Question

Question 6
For going to a city B from city A, there is a route via city C such that AC $\perp$ CB, AC = 2x km and CB = 2(x+7) km. It is proposed to construct a 26 km highway which directly connects the two cities A and B.Ffind how much distance will be saved in reaching city B from city A after the construction of the highway.

Answer 1

Given, AC $\perp$ CB, CB = 2(x+7)km and AB = 26 km
On drawing the figure, we get a right angled $\Delta ACB$ right angled at C.

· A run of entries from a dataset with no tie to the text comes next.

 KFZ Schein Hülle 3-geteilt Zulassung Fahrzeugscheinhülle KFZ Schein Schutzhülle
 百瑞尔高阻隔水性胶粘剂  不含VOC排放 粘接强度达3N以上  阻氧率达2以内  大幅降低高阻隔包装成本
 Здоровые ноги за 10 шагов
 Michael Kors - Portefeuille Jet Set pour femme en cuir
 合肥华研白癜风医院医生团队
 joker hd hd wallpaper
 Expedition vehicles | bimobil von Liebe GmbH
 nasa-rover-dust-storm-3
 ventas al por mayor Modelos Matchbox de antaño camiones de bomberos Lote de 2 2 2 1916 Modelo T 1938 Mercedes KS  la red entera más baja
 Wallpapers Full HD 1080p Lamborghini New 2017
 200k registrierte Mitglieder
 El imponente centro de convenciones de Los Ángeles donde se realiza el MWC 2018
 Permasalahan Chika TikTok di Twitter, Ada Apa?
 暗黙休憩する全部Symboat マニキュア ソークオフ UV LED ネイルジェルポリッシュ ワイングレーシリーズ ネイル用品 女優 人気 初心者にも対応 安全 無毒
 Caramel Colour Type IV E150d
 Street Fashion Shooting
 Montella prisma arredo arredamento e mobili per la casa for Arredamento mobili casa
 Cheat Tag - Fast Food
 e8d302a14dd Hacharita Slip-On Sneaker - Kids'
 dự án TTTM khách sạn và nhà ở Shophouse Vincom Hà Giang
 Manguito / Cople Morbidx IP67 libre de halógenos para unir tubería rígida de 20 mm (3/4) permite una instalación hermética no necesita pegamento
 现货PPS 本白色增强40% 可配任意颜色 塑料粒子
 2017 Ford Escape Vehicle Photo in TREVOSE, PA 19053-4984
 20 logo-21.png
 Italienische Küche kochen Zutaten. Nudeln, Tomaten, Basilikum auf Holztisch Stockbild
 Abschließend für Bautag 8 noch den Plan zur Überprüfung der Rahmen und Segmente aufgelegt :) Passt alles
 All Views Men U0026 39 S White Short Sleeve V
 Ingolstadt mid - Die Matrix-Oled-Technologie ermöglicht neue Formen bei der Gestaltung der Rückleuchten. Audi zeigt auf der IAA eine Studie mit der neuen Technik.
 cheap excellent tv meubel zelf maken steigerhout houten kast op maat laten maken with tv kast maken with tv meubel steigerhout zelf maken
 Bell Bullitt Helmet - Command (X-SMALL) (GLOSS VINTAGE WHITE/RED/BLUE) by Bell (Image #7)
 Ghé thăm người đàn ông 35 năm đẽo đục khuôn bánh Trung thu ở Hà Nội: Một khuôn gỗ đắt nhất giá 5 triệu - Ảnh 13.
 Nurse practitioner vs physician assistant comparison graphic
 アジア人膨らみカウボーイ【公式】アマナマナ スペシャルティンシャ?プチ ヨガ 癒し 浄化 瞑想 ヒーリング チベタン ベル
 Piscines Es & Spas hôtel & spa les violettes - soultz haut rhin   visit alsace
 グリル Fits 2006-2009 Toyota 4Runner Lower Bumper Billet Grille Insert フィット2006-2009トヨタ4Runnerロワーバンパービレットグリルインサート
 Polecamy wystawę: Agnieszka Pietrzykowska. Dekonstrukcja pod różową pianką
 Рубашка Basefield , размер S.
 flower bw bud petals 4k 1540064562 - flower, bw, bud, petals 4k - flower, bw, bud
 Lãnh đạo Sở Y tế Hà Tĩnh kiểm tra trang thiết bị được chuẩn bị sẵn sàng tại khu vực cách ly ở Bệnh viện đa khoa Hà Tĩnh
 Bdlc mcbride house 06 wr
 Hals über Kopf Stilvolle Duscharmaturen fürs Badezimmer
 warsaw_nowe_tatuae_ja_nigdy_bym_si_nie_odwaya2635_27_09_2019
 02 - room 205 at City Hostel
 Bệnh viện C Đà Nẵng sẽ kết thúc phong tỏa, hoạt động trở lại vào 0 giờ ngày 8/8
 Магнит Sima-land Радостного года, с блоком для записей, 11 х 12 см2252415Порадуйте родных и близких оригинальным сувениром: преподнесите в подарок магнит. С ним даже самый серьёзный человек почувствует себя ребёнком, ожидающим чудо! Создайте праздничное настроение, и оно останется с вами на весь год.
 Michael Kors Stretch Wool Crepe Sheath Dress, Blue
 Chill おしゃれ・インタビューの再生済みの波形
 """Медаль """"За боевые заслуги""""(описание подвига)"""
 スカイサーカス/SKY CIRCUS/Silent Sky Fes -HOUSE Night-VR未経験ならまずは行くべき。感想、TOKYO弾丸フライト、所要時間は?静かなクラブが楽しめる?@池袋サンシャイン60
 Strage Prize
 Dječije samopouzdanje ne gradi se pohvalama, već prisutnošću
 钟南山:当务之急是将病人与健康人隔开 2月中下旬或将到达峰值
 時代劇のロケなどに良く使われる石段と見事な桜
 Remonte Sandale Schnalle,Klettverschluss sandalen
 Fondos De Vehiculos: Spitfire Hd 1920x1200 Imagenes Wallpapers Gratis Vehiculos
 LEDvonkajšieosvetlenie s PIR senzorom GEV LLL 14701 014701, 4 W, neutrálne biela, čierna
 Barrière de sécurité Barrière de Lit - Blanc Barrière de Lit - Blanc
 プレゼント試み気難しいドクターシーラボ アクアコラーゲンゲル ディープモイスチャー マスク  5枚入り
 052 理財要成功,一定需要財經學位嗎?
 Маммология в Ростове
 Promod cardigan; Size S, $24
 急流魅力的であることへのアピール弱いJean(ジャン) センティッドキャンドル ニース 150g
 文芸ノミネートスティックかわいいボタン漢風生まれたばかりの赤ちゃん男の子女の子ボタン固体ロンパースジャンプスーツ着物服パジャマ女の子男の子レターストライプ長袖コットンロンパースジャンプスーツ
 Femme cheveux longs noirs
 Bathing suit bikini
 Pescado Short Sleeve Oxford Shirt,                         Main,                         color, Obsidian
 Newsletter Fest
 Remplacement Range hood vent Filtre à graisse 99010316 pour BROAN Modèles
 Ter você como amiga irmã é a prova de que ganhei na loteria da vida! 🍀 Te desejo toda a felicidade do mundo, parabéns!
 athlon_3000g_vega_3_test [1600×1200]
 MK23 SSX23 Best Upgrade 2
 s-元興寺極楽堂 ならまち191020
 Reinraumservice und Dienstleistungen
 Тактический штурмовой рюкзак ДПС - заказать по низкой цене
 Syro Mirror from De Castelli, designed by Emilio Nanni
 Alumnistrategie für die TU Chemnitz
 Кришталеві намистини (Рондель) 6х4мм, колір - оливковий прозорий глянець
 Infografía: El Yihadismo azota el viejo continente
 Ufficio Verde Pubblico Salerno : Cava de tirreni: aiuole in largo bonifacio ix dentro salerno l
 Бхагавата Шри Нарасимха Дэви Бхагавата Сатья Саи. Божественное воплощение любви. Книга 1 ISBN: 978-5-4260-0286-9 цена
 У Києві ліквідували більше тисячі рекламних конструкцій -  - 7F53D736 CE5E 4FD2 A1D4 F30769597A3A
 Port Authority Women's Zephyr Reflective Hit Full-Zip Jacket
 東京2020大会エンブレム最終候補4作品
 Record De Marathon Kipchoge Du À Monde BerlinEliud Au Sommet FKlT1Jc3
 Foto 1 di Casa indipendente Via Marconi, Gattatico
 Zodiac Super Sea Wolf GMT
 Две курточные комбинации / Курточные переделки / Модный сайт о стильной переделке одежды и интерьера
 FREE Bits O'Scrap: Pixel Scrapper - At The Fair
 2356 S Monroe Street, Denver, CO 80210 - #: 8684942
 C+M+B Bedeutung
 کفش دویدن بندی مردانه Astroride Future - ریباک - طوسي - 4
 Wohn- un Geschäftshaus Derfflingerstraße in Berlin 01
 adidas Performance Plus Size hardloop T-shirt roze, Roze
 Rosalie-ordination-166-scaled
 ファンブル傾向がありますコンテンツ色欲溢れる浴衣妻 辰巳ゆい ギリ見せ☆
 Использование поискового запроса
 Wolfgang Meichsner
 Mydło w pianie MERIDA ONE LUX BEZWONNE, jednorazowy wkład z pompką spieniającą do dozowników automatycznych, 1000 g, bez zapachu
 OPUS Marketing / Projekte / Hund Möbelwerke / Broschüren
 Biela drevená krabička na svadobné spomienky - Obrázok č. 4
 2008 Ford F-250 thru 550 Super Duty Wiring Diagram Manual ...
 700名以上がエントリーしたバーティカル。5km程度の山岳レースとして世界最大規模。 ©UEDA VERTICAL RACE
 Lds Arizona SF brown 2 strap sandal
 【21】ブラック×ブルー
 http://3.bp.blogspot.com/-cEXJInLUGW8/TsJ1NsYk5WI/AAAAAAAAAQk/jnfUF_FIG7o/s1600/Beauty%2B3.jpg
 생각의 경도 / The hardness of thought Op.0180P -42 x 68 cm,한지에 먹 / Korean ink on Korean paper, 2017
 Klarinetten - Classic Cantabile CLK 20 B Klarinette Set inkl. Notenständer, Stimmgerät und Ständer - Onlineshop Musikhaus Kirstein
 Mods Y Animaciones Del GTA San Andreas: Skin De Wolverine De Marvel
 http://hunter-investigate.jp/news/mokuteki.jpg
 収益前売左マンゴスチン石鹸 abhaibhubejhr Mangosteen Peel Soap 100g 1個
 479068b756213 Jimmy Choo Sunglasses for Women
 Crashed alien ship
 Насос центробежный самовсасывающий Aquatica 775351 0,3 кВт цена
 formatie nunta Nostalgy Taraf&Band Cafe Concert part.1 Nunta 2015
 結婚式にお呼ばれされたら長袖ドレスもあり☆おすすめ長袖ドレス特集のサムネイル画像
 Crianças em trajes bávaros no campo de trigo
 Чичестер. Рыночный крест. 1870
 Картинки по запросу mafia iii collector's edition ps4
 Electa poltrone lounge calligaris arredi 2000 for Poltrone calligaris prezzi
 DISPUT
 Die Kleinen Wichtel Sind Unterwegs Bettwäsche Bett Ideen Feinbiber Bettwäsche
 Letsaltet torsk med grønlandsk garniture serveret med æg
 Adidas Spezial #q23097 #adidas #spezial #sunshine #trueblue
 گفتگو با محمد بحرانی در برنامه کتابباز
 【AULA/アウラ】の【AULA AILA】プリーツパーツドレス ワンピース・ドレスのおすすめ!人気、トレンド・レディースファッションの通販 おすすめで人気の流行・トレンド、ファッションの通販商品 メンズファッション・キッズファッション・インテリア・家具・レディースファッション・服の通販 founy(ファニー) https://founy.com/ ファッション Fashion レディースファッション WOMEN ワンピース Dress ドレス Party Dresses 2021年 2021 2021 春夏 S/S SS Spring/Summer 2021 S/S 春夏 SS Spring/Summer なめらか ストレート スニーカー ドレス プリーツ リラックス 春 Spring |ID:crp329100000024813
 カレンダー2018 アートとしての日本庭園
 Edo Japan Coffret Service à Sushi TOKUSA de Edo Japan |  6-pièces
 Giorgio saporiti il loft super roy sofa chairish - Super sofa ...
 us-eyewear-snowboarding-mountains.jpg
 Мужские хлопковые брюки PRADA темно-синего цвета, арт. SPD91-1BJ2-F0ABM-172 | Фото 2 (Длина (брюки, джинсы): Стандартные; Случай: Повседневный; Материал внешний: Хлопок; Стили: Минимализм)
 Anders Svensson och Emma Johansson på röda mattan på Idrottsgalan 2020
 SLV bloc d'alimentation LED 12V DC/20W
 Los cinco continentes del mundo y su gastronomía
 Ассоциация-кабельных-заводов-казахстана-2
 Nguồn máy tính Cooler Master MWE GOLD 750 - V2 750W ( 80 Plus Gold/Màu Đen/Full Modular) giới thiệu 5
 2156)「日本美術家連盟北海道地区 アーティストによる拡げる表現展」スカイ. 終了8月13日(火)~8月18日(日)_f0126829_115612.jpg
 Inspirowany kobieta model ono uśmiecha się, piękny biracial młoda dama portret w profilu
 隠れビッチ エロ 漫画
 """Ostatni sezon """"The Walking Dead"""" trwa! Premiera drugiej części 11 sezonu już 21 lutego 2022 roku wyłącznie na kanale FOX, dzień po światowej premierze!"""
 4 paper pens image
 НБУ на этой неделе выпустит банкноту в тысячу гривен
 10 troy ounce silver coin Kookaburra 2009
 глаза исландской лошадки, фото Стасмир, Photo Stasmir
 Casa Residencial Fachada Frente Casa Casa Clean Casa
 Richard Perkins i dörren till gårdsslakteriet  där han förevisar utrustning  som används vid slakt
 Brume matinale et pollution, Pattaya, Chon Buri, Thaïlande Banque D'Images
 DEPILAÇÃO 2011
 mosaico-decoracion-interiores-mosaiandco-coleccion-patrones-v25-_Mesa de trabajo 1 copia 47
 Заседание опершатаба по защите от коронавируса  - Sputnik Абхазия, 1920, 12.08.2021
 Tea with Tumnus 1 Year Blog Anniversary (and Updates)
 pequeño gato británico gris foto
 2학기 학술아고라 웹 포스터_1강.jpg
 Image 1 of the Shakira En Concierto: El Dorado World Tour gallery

Now, in $\Delta ACB$ by using Pythagoras theorem,
$A{B}^2=A{C}^2+B{C}^2$
$\Rightarrow (26{)}^2=(2x{)}^2+{\left\{2\right(x+7\left)\right\}}^2$
$\Rightarrow 676=4x^2+4(x^2+49+14x)$
$\Rightarrow 676=4x^2+4x^2+196+56x$
$\Rightarrow 676=8x^2+56x+196$
$\Rightarrow 8x^2+56x-480=0$
On dividing by 8, we get $x^2+7x-60=0$
$\Rightarrow x^2+12x-5x-60=0$
$\Rightarrow x(x+12)-5(x+12)=0$
$\Rightarrow (x+12)(x-5)=0$
$\therefore$ $x=-12,x=5$
Since, distance cannot be negative.
$\therefore$ $x=5$ $[\because x\ne -12]$
Now, $AC=2x=10km$
And $BC=2(x+7)=2(5+7)=24km$
The distance covered to reach city B from city A via city C
$=AC+BC$
$=10+24$
$=34km$
Distance covered to reach city B from city A after the construction of the highway
= BA = 26 km
Hence the distance saved in reaching city B from city A after the construction of the highway will be 34 – 26 i.e., 8 km.